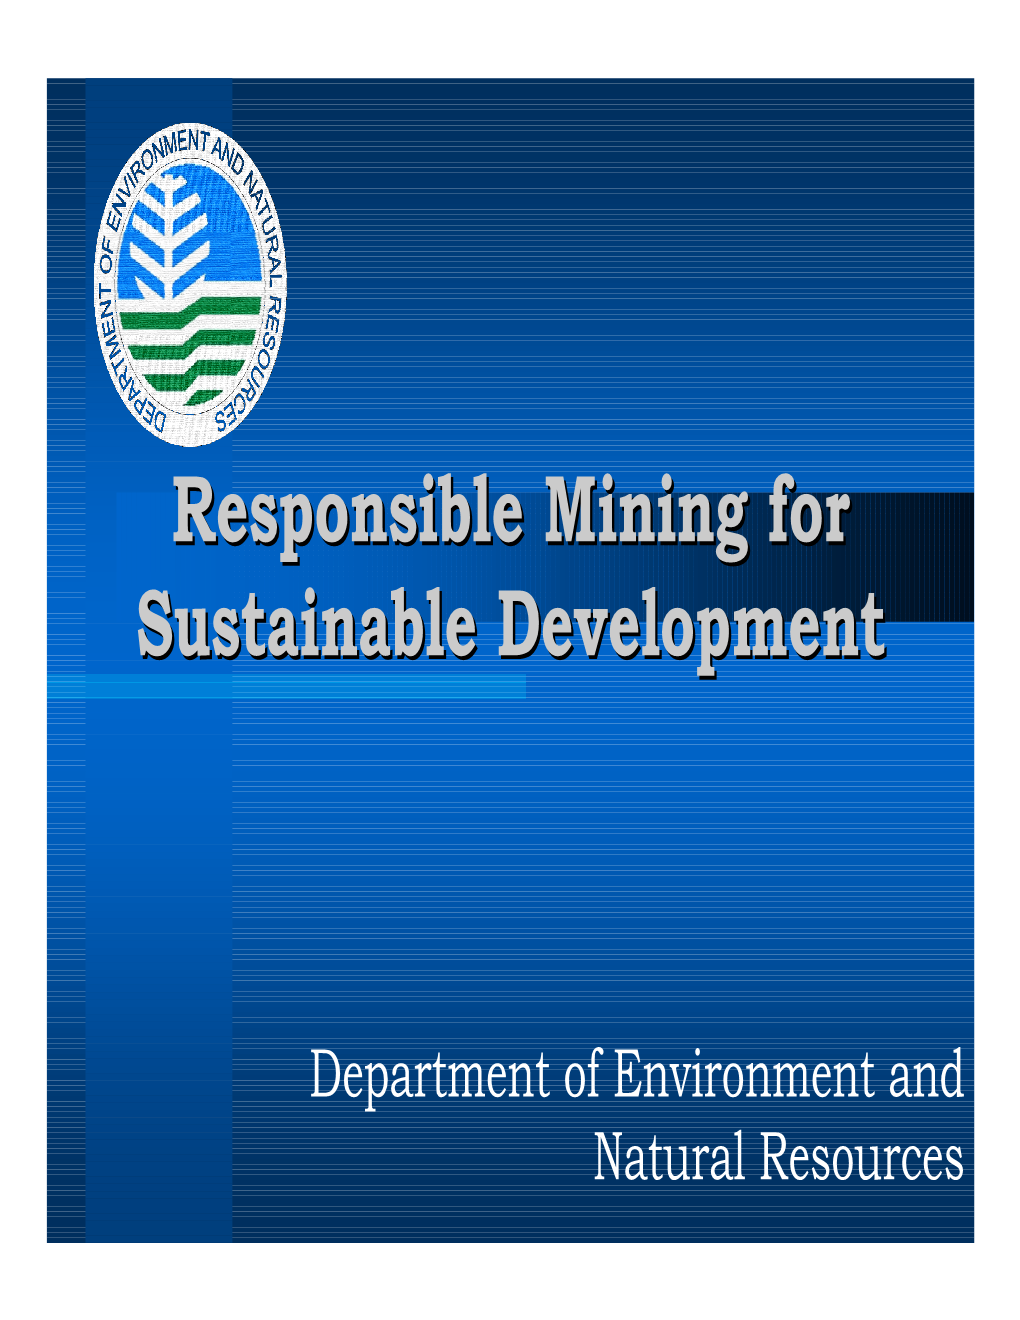 Responsible Mining for Sustainable Development
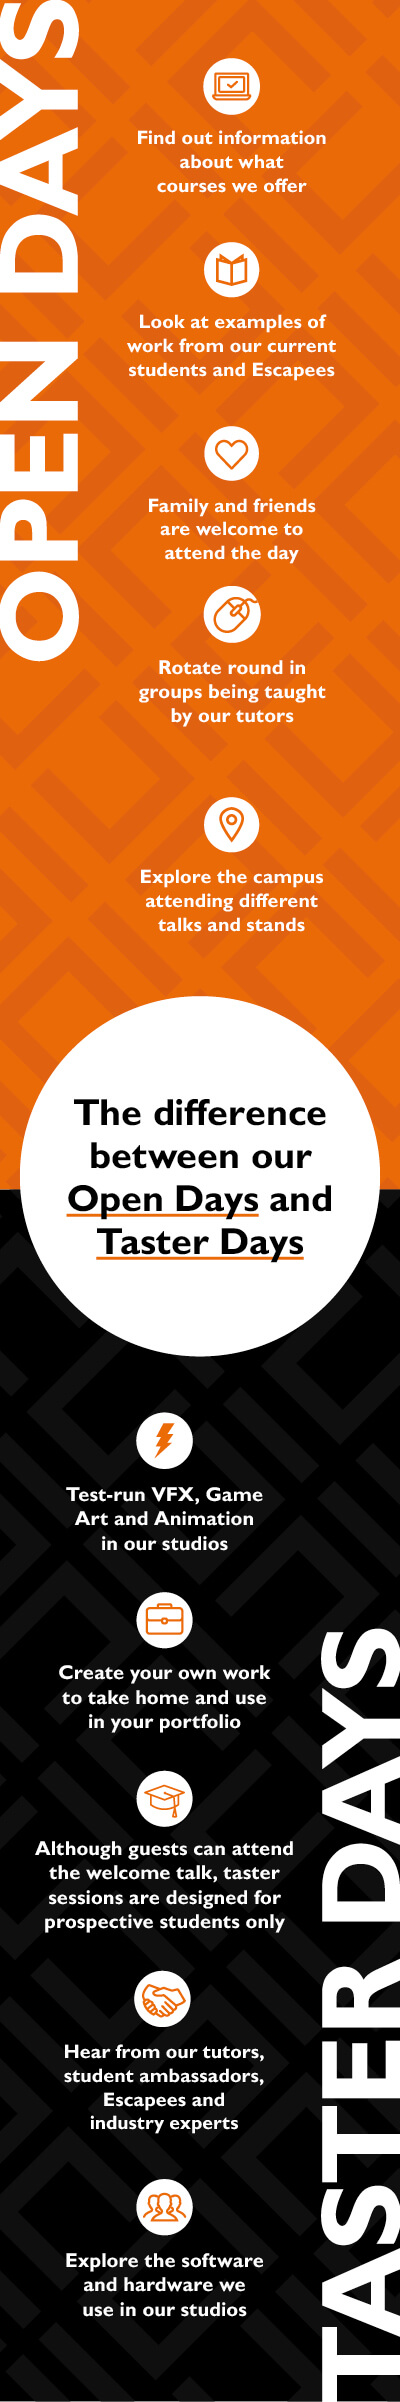 An infographic showing the differences between open days and taster days
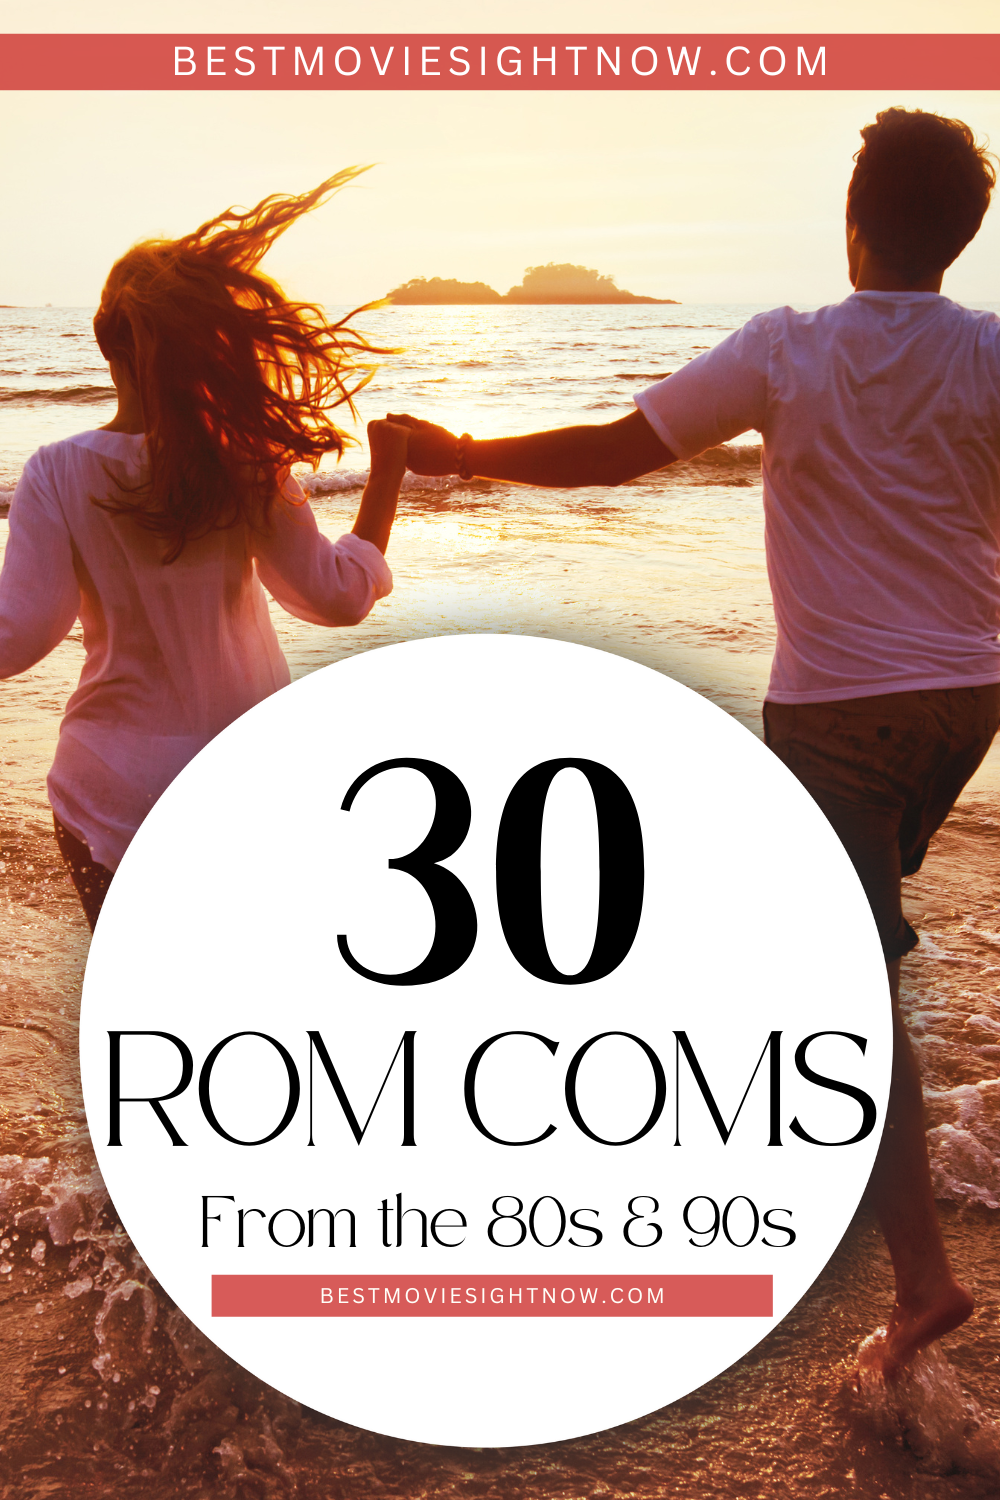 happy couple on honeymoon vacation travel, beach holidays with text: "Rom coms from the 80s & 90s"

────────────────

** Task brief **
Every line of the listing should be repeated exactly; no picture should appear.

** Reply **
 Responsible Mining for Sustainable Development
 An infographic showing the differences between open days and taster days
 happy couple on honeymoon vacation travel, beach holidays with text: "Rom coms from the 80s & 90s"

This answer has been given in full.